**Task requirements**
Every entry needs to be printed exactly, please.

[[ Input records, beginning ]]

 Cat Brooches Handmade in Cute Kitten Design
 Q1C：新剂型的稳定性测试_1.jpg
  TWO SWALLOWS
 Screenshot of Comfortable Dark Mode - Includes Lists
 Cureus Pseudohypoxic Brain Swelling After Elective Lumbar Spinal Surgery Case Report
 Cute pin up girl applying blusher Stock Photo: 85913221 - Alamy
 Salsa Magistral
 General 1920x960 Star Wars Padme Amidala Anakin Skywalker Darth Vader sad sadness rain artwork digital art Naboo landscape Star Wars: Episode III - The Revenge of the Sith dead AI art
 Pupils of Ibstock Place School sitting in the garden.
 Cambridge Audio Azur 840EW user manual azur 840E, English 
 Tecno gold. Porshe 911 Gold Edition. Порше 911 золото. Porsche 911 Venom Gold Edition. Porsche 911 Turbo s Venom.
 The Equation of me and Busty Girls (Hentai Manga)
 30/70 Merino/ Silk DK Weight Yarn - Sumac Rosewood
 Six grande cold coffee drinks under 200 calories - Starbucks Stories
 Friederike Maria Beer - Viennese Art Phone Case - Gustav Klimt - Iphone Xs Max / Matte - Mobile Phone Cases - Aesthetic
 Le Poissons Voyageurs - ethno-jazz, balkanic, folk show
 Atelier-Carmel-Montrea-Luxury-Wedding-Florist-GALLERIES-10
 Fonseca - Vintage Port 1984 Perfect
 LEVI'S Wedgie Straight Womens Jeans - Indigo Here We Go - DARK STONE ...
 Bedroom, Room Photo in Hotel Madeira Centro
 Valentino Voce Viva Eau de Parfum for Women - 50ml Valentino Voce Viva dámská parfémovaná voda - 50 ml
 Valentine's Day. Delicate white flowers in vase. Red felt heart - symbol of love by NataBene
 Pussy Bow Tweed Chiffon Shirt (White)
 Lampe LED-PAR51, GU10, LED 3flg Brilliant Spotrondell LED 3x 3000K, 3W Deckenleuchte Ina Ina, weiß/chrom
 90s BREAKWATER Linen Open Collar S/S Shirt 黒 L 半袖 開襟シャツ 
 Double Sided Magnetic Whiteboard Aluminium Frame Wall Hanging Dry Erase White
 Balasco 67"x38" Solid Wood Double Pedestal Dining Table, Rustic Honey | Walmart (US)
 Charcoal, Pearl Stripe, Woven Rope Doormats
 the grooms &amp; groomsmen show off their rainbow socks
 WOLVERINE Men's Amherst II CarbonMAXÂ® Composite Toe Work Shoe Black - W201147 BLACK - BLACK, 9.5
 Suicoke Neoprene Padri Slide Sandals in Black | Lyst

[[ Input records, end ]]

**Answer area**
 Cat Brooches Handmade in Cute Kitten Design
 Q1C：新剂型的稳定性测试_1.jpg
  TWO SWALLOWS
 Screenshot of Comfortable Dark Mode - Includes Lists
 Cureus Pseudohypoxic Brain Swelling After Elective Lumbar Spinal Surgery Case Report
 Cute pin up girl applying blusher Stock Photo: 85913221 - Alamy
 Salsa Magistral
 General 1920x960 Star Wars Padme Amidala Anakin Skywalker Darth Vader sad sadness rain artwork digital art Naboo landscape Star Wars: Episode III - The Revenge of the Sith dead AI art
 Pupils of Ibstock Place School sitting in the garden.
 Cambridge Audio Azur 840EW user manual azur 840E, English 
 Tecno gold. Porshe 911 Gold Edition. Порше 911 золото. Porsche 911 Venom Gold Edition. Porsche 911 Turbo s Venom.
 The Equation of me and Busty Girls (Hentai Manga)
 30/70 Merino/ Silk DK Weight Yarn - Sumac Rosewood
 Six grande cold coffee drinks under 200 calories - Starbucks Stories
 Friederike Maria Beer - Viennese Art Phone Case - Gustav Klimt - Iphone Xs Max / Matte - Mobile Phone Cases - Aesthetic
 Le Poissons Voyageurs - ethno-jazz, balkanic, folk show
 Atelier-Carmel-Montrea-Luxury-Wedding-Florist-GALLERIES-10
 Fonseca - Vintage Port 1984 Perfect
 LEVI'S Wedgie Straight Womens Jeans - Indigo Here We Go - DARK STONE ...
 Bedroom, Room Photo in Hotel Madeira Centro
 Valentino Voce Viva Eau de Parfum for Women - 50ml Valentino Voce Viva dámská parfémovaná voda - 50 ml
 Valentine's Day. Delicate white flowers in vase. Red felt heart - symbol of love by NataBene
 Pussy Bow Tweed Chiffon Shirt (White)
 Lampe LED-PAR51, GU10, LED 3flg Brilliant Spotrondell LED 3x 3000K, 3W Deckenleuchte Ina Ina, weiß/chrom
 90s BREAKWATER Linen Open Collar S/S Shirt 黒 L 半袖 開襟シャツ 
 Double Sided Magnetic Whiteboard Aluminium Frame Wall Hanging Dry Erase White
 Balasco 67"x38" Solid Wood Double Pedestal Dining Table, Rustic Honey | Walmart (US)
 Charcoal, Pearl Stripe, Woven Rope Doormats
 the grooms &amp; groomsmen show off their rainbow socks
 WOLVERINE Men's Amherst II CarbonMAXÂ® Composite Toe Work Shoe Black - W201147 BLACK - BLACK, 9.5
 Suicoke Neoprene Padri Slide Sandals in Black | Lyst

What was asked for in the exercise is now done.